The projects that have moved forward are generally far more polluting than China’s environmental controls would allow domestic plants to be, according to the report. Only three of the 16 projects for which official data was available met the country’s carbon emissions standards. 

The findings suggest political and social trends in the host countries — rather than Beijing’s pledges to “green” its flagship global infrastructure policy, the Belt and Road Initiative — have played the leading role in delaying and cancelling projects, the report argues. 

The researchers used power sector databases and public reports to track the development of overseas coal projects in which Chinese institutions contributed investment, engineering know-how, equipment or knowledge. 

They found that countries had shelved or canceled 73 gigawatts (GW) of China-backed coal capacity since 2017, some 4.5 times more than the amount that entered construction during the same period.

The moves have averted the annual emission of approximately 290 million tons of carbon dioxide, a greenhouse gas that is a key driver of global heating and climate change, the study says. The figure is equivalent to the annual carbon emissions of Poland, the third-largest carbon polluter in the European Union.

The shift away from coal in inbound countries was due in part to economic concerns like overcapacity and its dwindling competitiveness with alternative fuels, and in part to public qualms about the projects’ links to air pollution and environmental degradation, the report says.

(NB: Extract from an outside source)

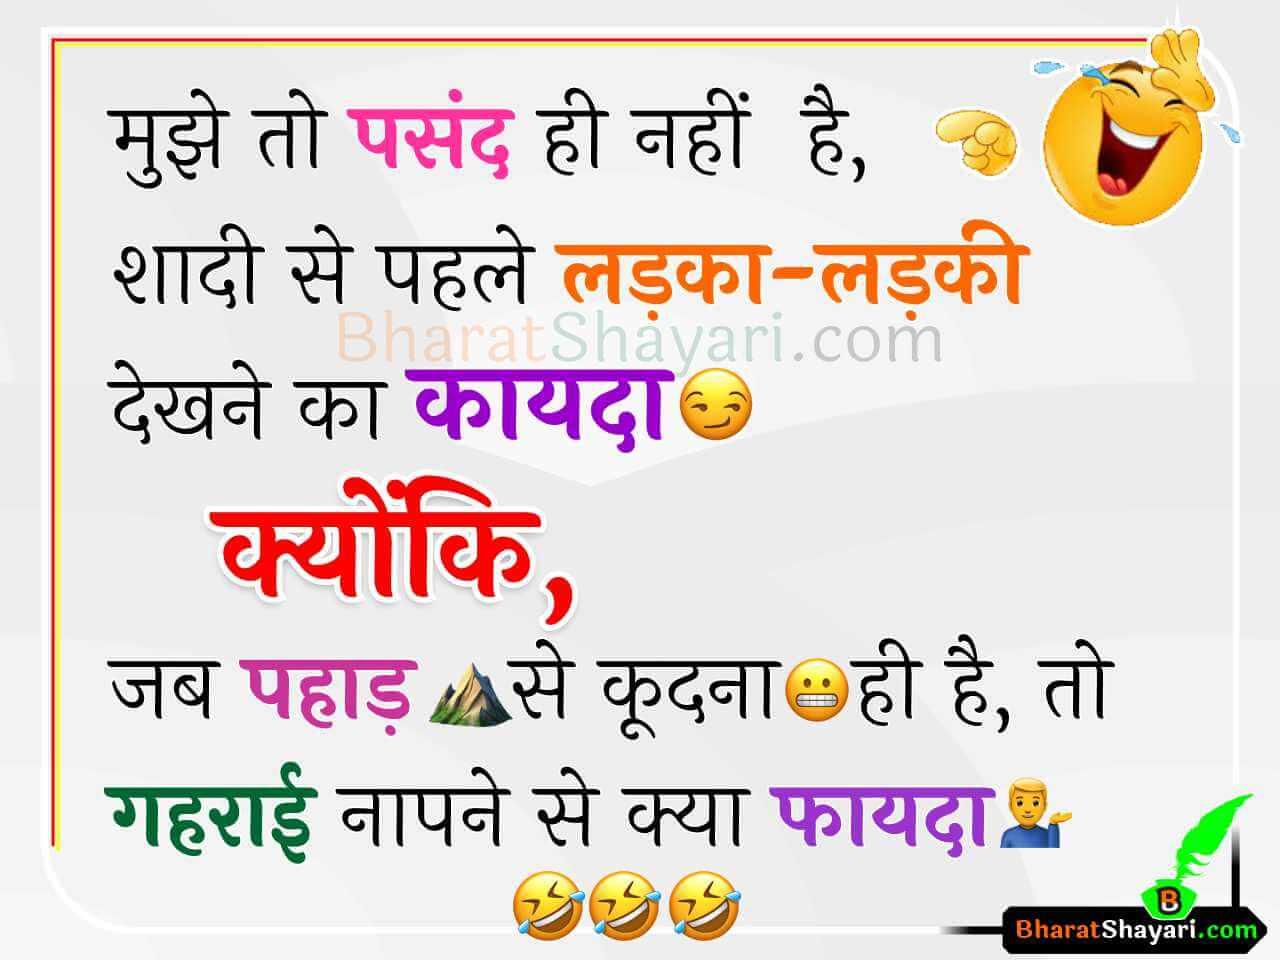 Ladka Ladki Dekhne Ka Kayda - Funniest Hindi Shayari

But it adds that Beijing has also acted relatively slowly to hasten the transition away from coal. China is the world’s largest financier of overseas coal projects, with the country’s policy banks sinking $4.6 billion into foreign energy projects last year to bring total investment to $245.8 billion since 2000 — the majority of which has gone into new coal plants.

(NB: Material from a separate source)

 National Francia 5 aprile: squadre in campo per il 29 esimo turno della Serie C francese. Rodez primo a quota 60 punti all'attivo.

Most of these investments were arranged between 2015 and 2017, a time when energy-hungry emerging economies rushed to sign up to the Belt and Road, announced in 2013.

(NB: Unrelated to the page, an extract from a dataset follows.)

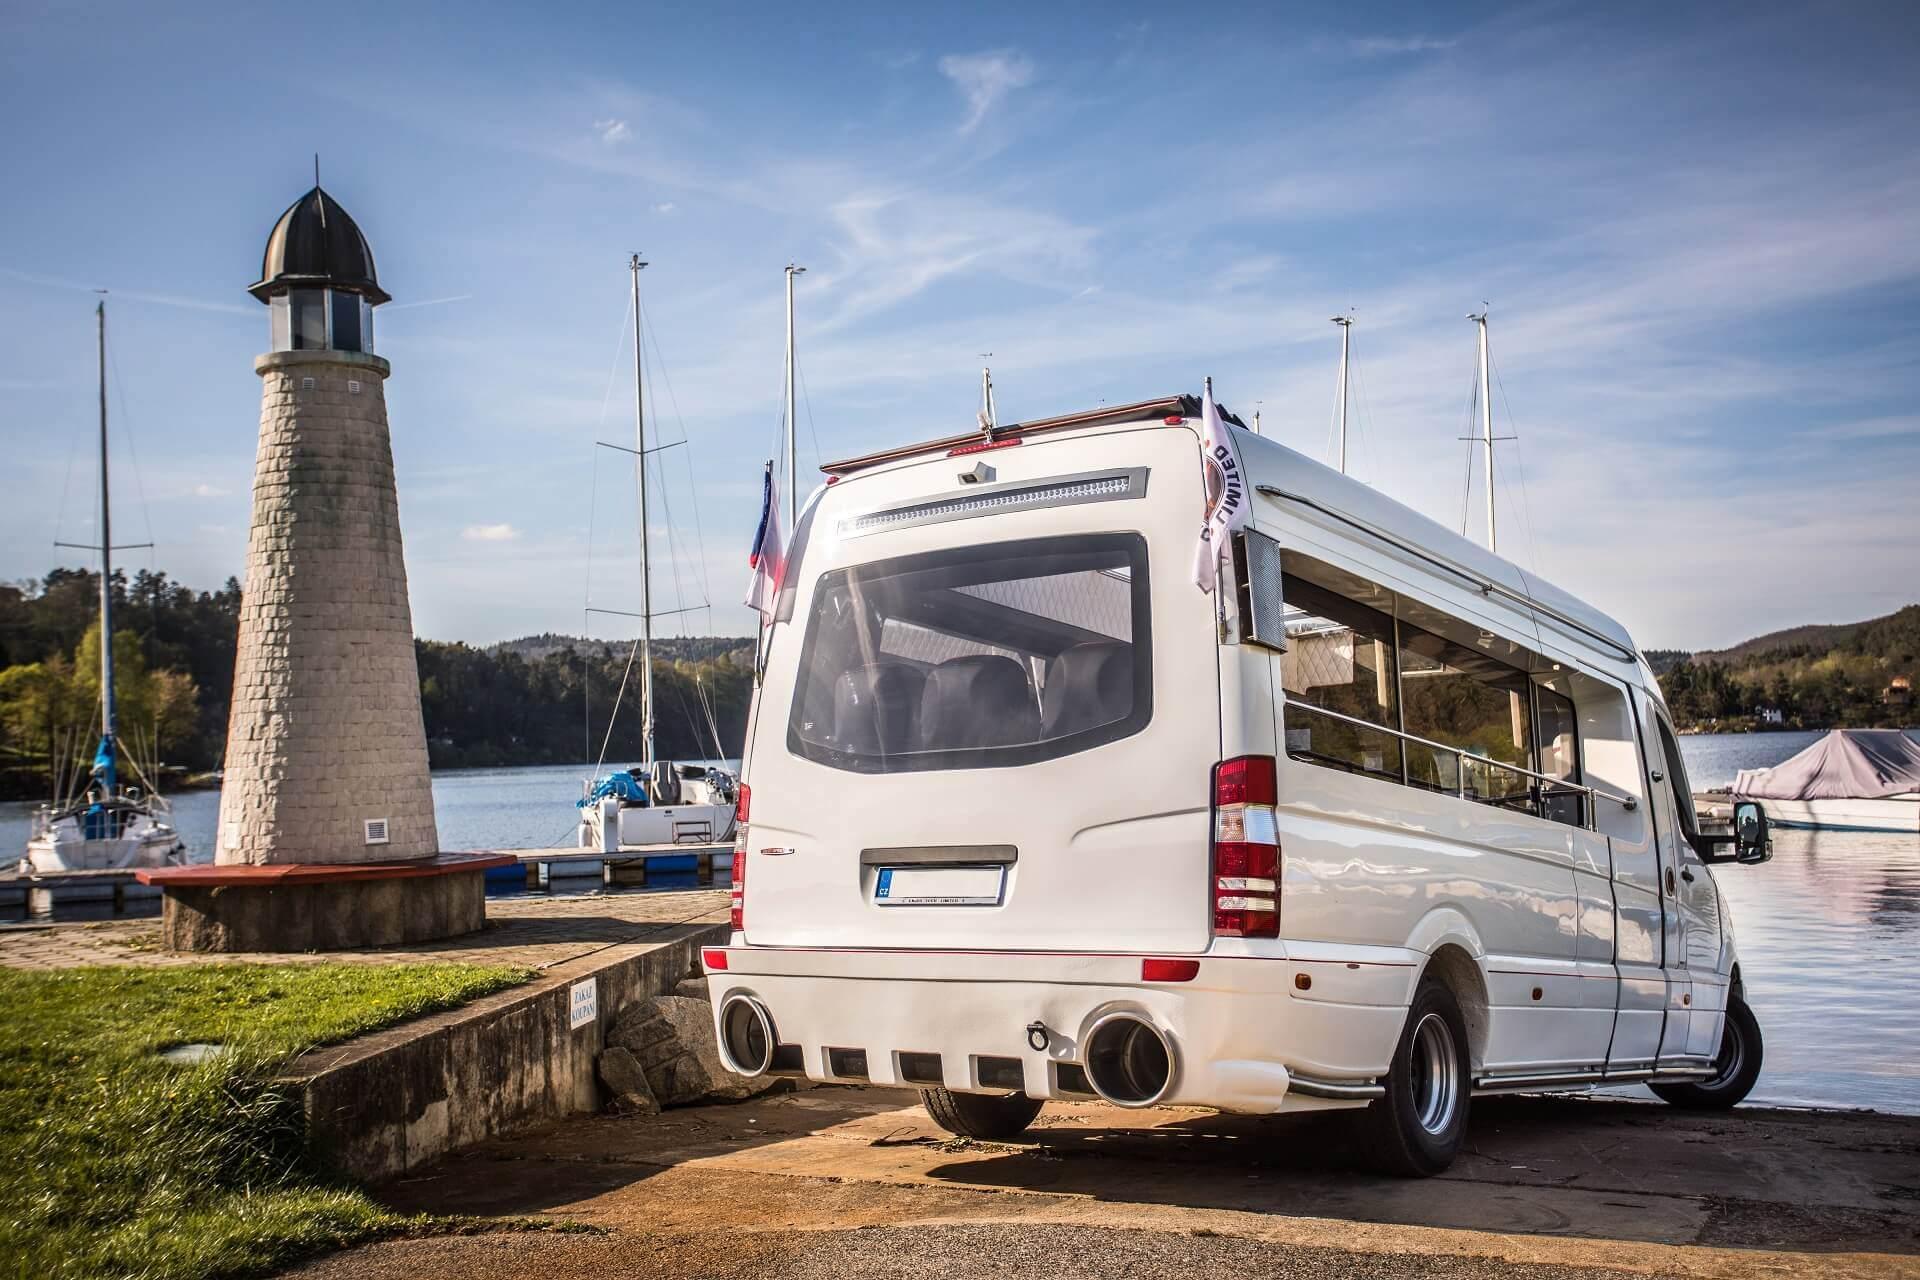 Unikátny obojživelný autobus na veľtrhu BUS SHOW 2018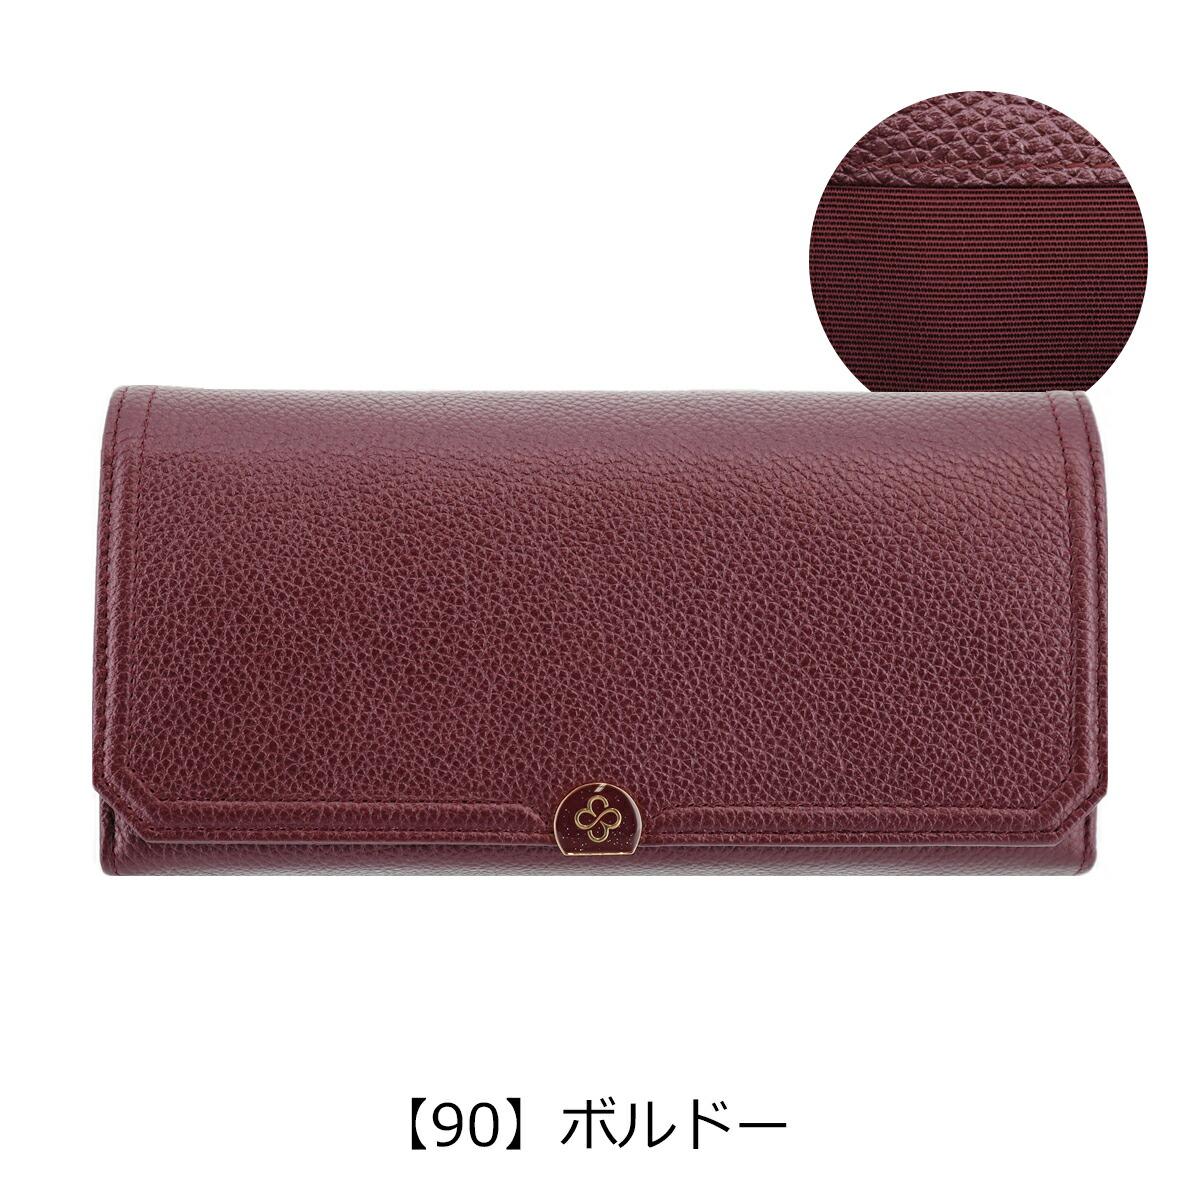 【90】ボルドー

Today, more than 80 GW of global coal capacity linked to China is in the construction or pre-construction phases, the report says, adding that the projects would emit a combined 216 million tons of carbon dioxide per year, endangering the world’s ability to cap global heating at no more than 2 degrees Celsius as mandated under the Paris climate accord.

Analysis showed that the 16 projects for which official data were available could end up emitting on average up to four times as much particulate matter — fine airborne particles that can harm the lungs and other internal organs — six times as much nitrogen oxide and seven times as much sulfur dioxide than permitted under Chinese regulations.

In one case, the limits on sulfur dioxide emissions of the ultra-supercritical Patuakhali plant in Bangladesh are three times higher than the level allowed in China. In the cases of the Tuzla station in Bosnia-Herzegovina and the Ugljevik plant in Serbia, limits on sulfur and nitrogen emissions are four times higher, according to the research.

The report recommends that China redirect its overseas investments into renewable power projects with more assured returns than the declining coal industry, while also ensuring that its foreign projects uphold environmental and health safeguards.

Such moves would both reflect the market and interest of the projects’ host countries and back up Beijing’s repeated calls to make the Belt and Road more environmentally sustainable, the report says, adding that “the shrinking market for new coal power outside of China means any potential reward from hanging on to high-emissions projects is fading rapidly.”

China is embarking on an overhaul of its own power industry in the wake of President Xi Jinping’s pledge last year to bring carbon emissions to a peak by the end of the decade and to net zero by 2060, a move regarded as crucial for avoiding the worst effects of climate change.

The world’s largest greenhouse gas emitter is investing heavily in its domestic renewables sector and is on track to have installed more clean energy capacity than fossil fuel-derived power by the end of the year, according to a major trade group.

But the country has also faced calls to cut its continued addiction to coal. China added 38.4 GW of coal capacity last year and has a further 247 GW under development, much of which experts say will have to be written off if Beijing is to meet its climate targets.